Valeria se detuvo en seco y por primera vez los miró directamente a los ojos. Eran ojos hambrientos, depredadores, sin rastro de ternura. La misma mirada que había visto en otros hombres, en otras fiestas, en otras noches demasiado largas. Sintió asco, miedo y rabia al mismo tiempo.
—Déjenme pasar —dijo, y su voz salió más aguda de lo que quería—. No me interesa. Busquen a otra.
—Oye, tranquila —dijo Brayan, levantando las manos en un gesto de rendición fingida—. No te estamos obligando. Solo proponemos. Tú decides. Pero piénsalo: cuatro chicos jóvenes, con ganas de pasarla bien. ¿Cuándo se te va a repetir una oferta así?
Valeria sintió el estómago revuelto. Quería correr, pero las piernas no le respondían. Estaba atrapada entre las risas estúpidas de aquellos cuatro y la oscuridad de la calle vacía.
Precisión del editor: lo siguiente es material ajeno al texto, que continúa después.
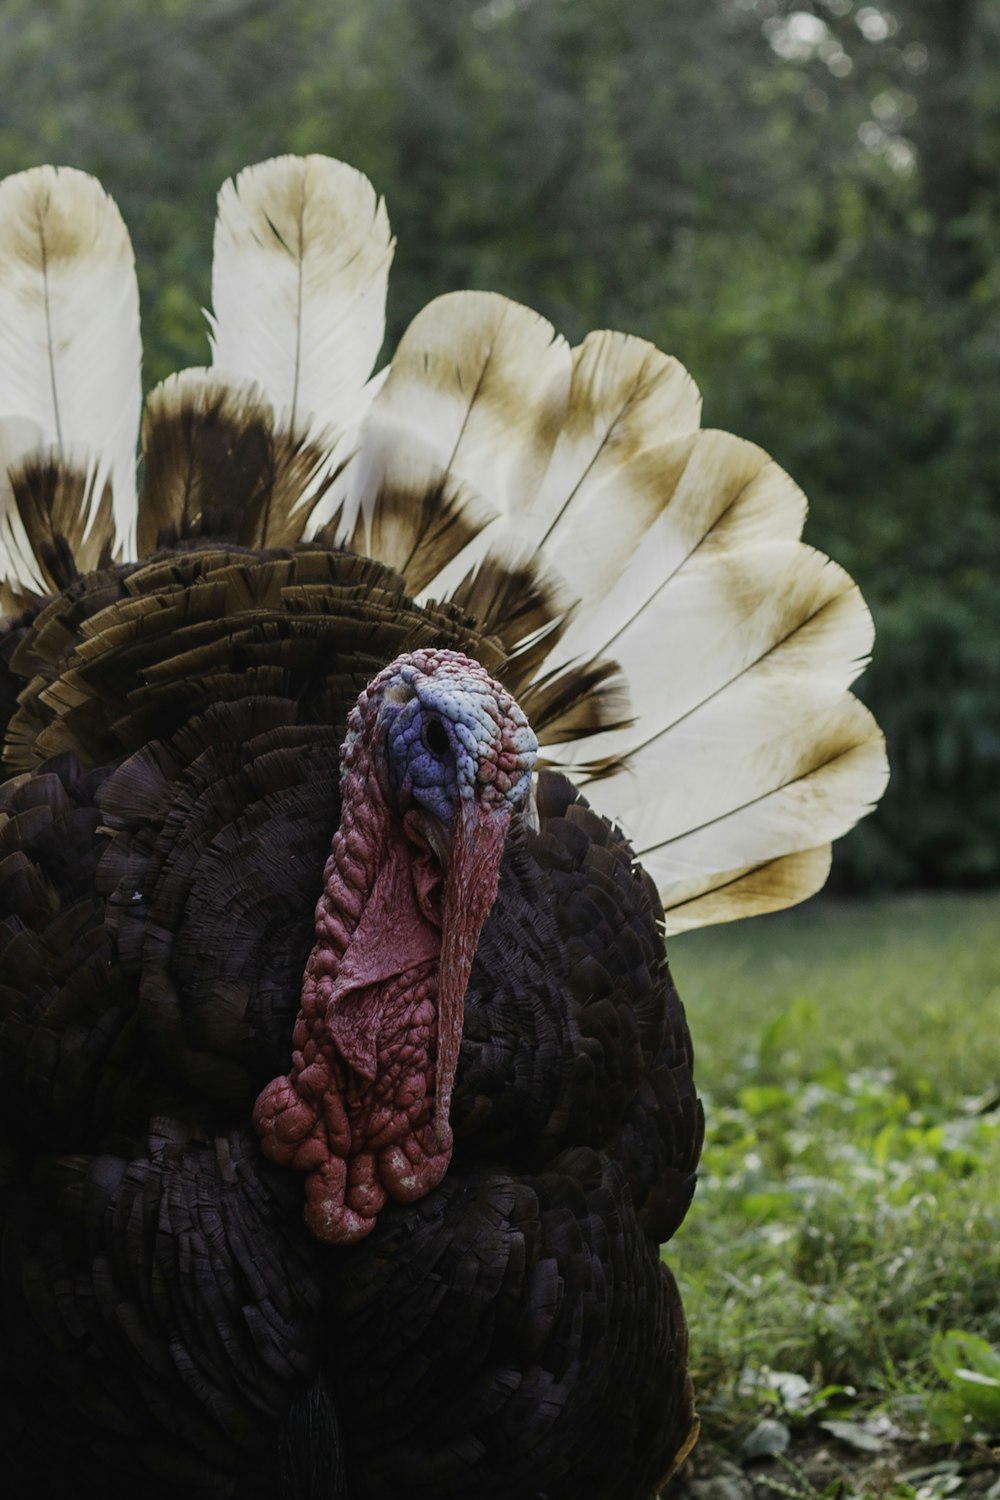 a close up of a turkey in a field

De pronto, recordó algo que su padre le decía siempre: "Si te sientes en peligro, no demuestres miedo. Grita, patalea, haz un escándalo. Los cobardes se asustan del ruido."
Así que lo hizo. Sin pensarlo más, Valeria abrió la boca y soltó un grito que no fue solo un grito, fue un aullido desgarrado, animal, que rompió el silencio de la madrugada y rebotó contra las fachadas de las casas.
—¡Fuera! ¡Lárguense, desgraciados! ¡Auxilio! ¡Auxilio!
Los muchachos dieron un paso atrás, sorprendidos. Kevin alzó las manos con una sonrisa nerviosa.
—Loca de mierda, ¿qué te pasa? Solo estábamos vacilando.
—¡Auxilio! ¡Que alguien llame a la policía! ¡Auxilio!
—¡Cállate, imbécil! —siseó Jordan, mirando hacia las ventanas, donde ya empezaban a encenderse algunas luces—. Vámonos, viejo, esta tipa está loca.
Los cuatro se alejaron a paso rápido, maldiciendo entre dientes, y Valeria no esperó a comprobar si volvían. Se giró y echó a correr calle abajo, con el corazón golpeándole las costillas y las sandalias resbalando en el pavimento. Corrió sin rumbo, dobló una esquina, luego otra, hasta que la casa de la fiesta quedó lejos, perdida entre el laberinto de calles residenciales. Se detuvo junto a un poste de luz, jadeando, con las manos en las rodillas. No había nadie. Estaba sola.
—Estupidos de mierda —susurró.
El barrio por el que caminaba ahora era más oscuro, más solitario. Las casas tenían rejas oxidadas y jardines descuidados. La calle desembocaba en un callejón estrecho que Valeria conocía de memoria: era el atajo para llegar a su casa en la urbanización contigua. Muchas veces lo había cruzado de día, sin problemas. De noche era otra cosa, pero después del susto no quería dar un rodeo de media hora. Quería llegar a casa, meterse en su cama y olvidar esa noche horrible.
Respiró hondo, se arregló el vestido y se adentró en el callejón. La penumbra era espesa, solo rota por el resplandor lejano de un farol parpadeante. Valeria avanzó con pasos rápidos, atenta a cada sombra, maldiciéndose por no haber aceptado el coche de su padre. Diez metros, veinte, treinta. La salida del callejón estaba cerca, solo faltaban unos pocos metros.
Entonces escuchó unos pasos.
No eran los pasos de los muchachos de la fiesta. Eran otros. Más lentos, más pesados, como si alguien arrastrara los pies con deliberada parsimonia. Valeria se detuvo en seco y miró hacia atrás. Al final del callejón, justo donde ella había entrado, se recortaba una silueta masculina. Alta, ancha de hombros, inmóvil. No la llamó. No se movió. Solo estaba allí, observándola.